Schools need a balanced role for Advanced Placement
In response to Jack Schneider's May 28 Opinion piece, "Schools' unrest over the AP test," which expresses concern that high-performing schools will harm urban students if such schools replace Advanced Placement (AP) courses with their own curricula: This fear may be understandable, but it's misplaced.
The public schools in Scarsdale, N.Y., are making the shift from AP to locally developed curricula. However, we've spoken with admissions officers who say selective colleges simply want applicants to take the most demanding courses available to them, whether AP or something else.
AP continues to be a nationally recognized program that aims at a far higher standard than the traditional fare at most secondary schools. Most high schools will not abandon AP because it is a good program and because it is so widely recognized. Colleges, employers, and the general public will continue to understand this.

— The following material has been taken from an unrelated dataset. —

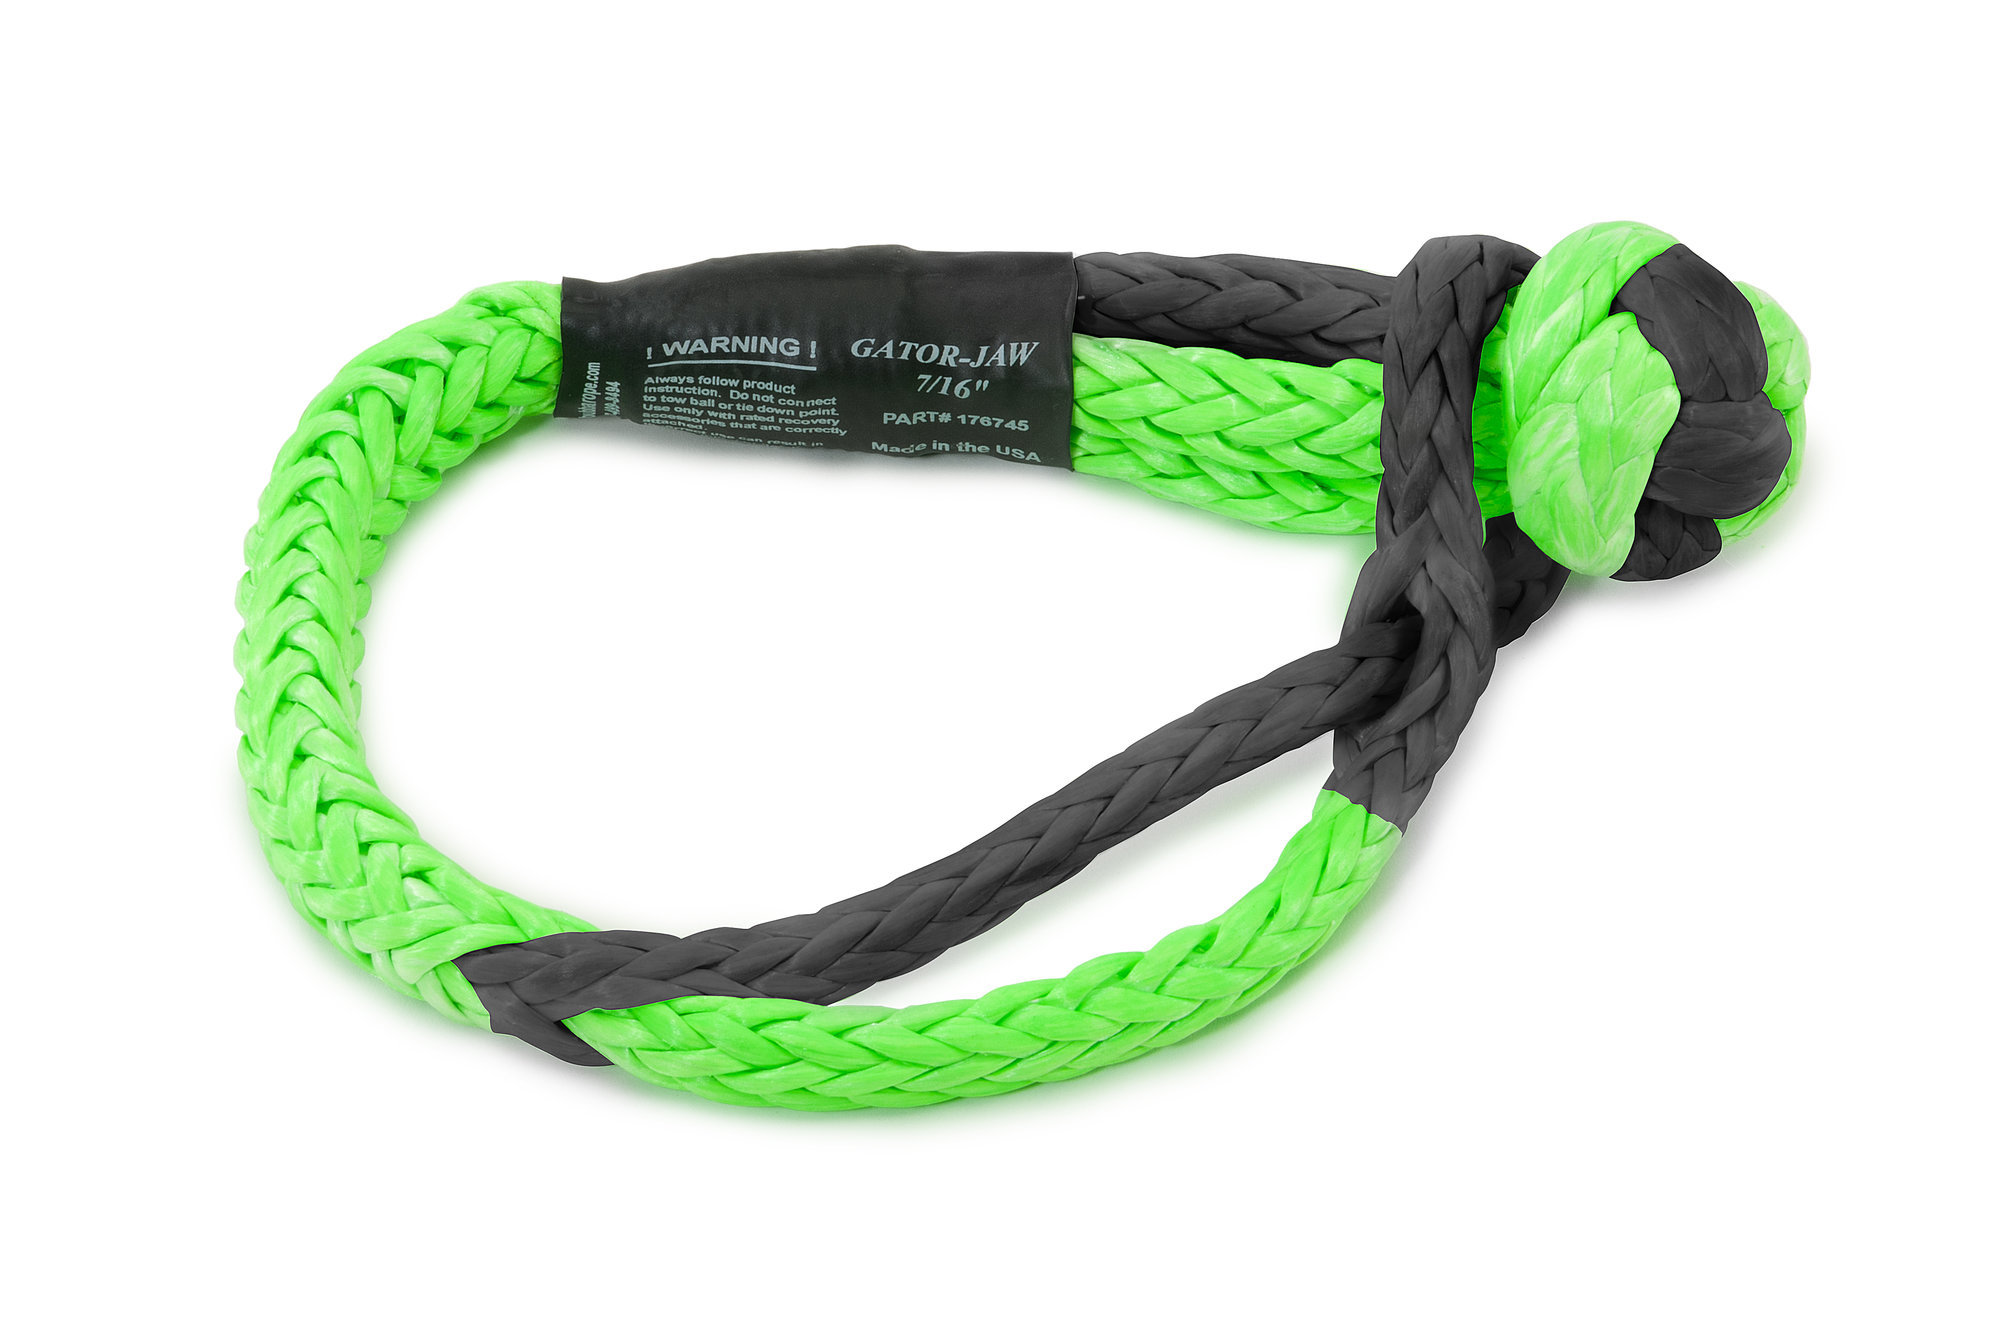 Bubba Rope 176745 GATORJAW SFT SHACKLE 7/16 by Bubba Rope 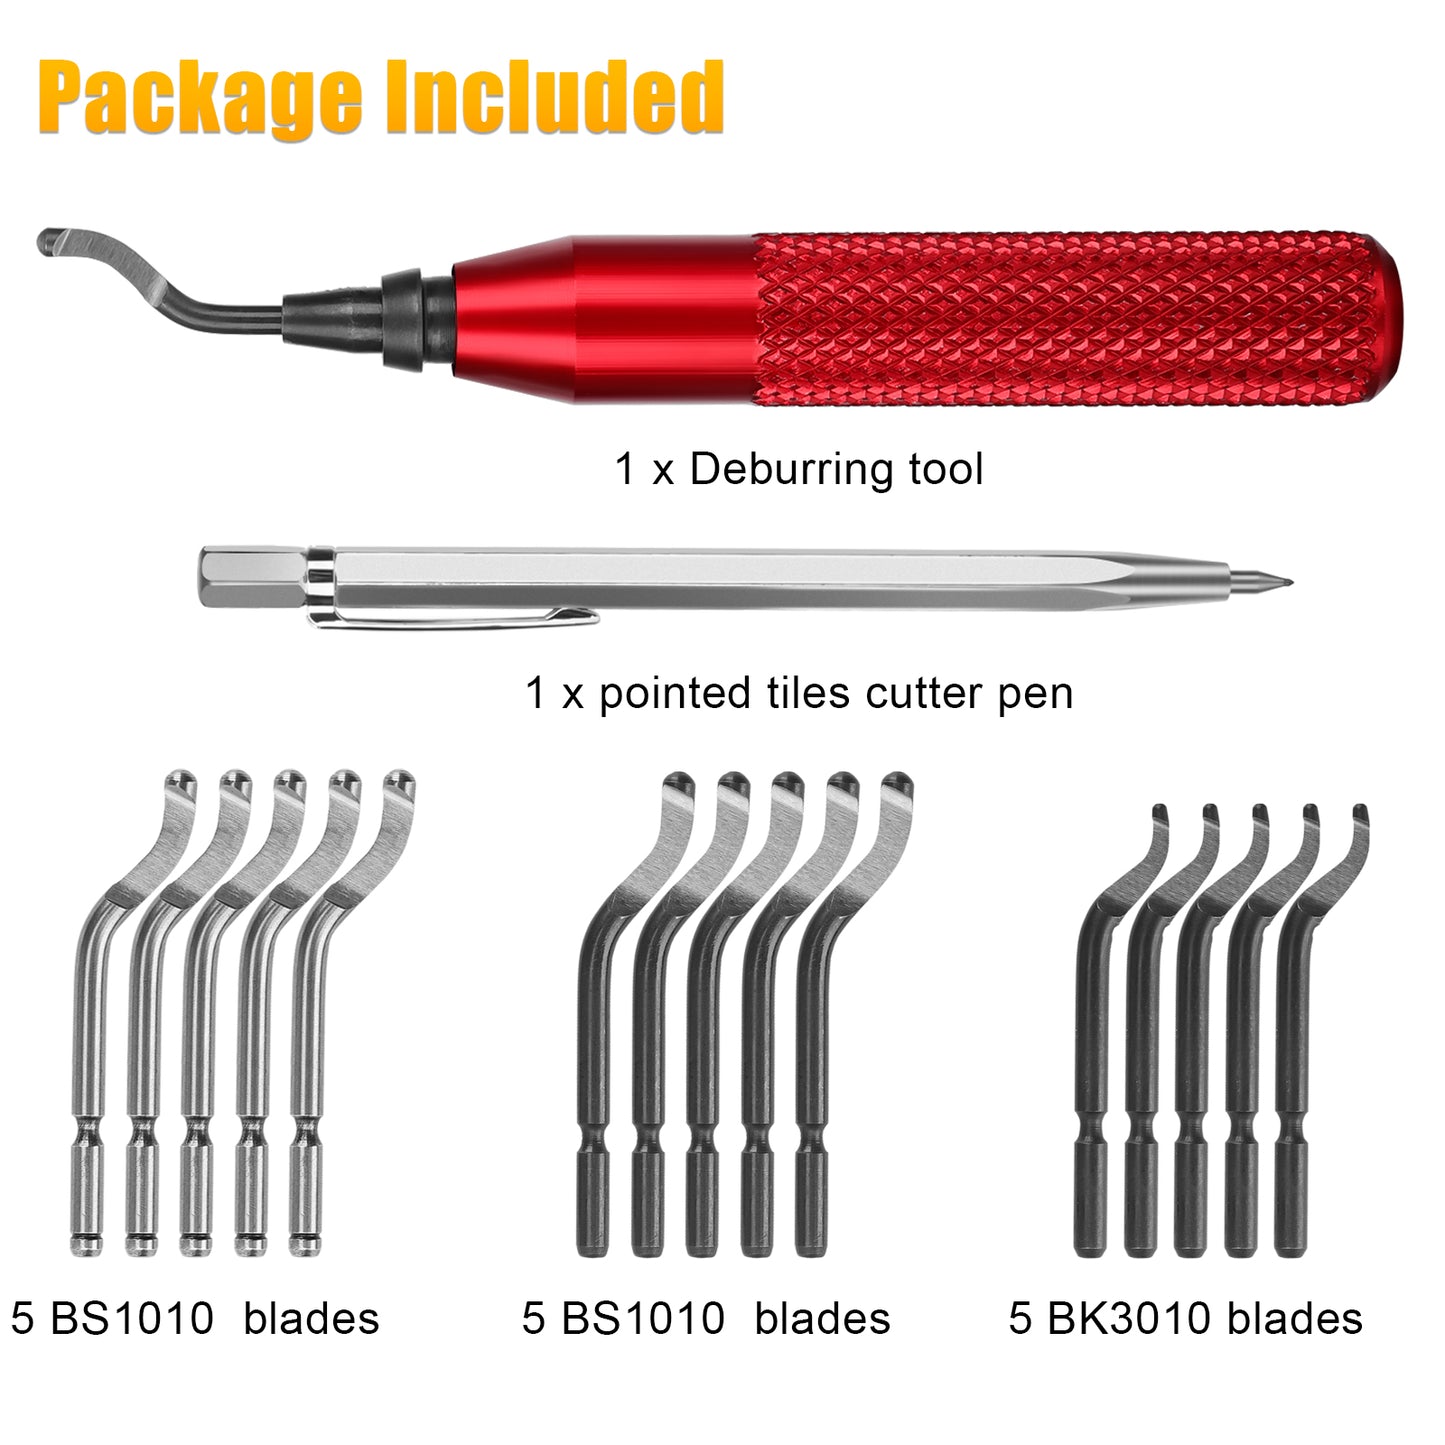 Deburring Tool Set - 15-Piece Blade Set for Metal, Wood, Plastic, and 3D Printing Finishing

If a relative handful of schools do take a different route in search of something better, they don't diminish what is. To the contrary, they may help improve education for all.
Regarding Jack Schneider's recent Opinion piece on AP programs: I must take issue with his analysis that a few colleges and high schools are raising the academic bar by denying college credit for AP exams, or by dropping them from their high school offerings.
In truth, I suspect that the issue is far more about money than it is about the supposed diminished value of the AP exams.
Of course it is self-serving in the extreme for any tuition-based high school to denigrate a program that is offered free of charge in the public schools.
The argument from these same schools that the AP classes are "a mile wide and an inch deep" is transparently hypocritical. The fact is that most colleges require general survey courses as part of their core requirements or as the prerequisite courses for more advanced study in a major, so it makes perfect sense to offer capable students the opportunity to get these essential, albeit "stodgy," college courses out of the way without fees in high school.
I can only hope that these courses continue to grow in number and participants, helping to level the educational playing field.
Regarding the recent Opinion piece on AP courses: My daughter went to what I guess you might call an "elite" school and did not take any AP classes. She was accepted at all the schools she applied to. At a university my daughter didn't go to, they found that students who took AP calculus in high school just didn't have the background in the subject that they needed and ended up retaking the course in college.
In response to the recent Opinion piece on AP programs: The idea that 58 schools in the country (nearly all exclusive private institutions) do not support the AP program hardly justifies the conclusion that there is widespread discontent with the test.
The real problem is not that there is a movement away from AP by elite schools, but that the promise of AP has never been realized in the poorest schools. In fact, most of the AP expansion continues because the higher socioeconomic high schools offer additional AP classes every year.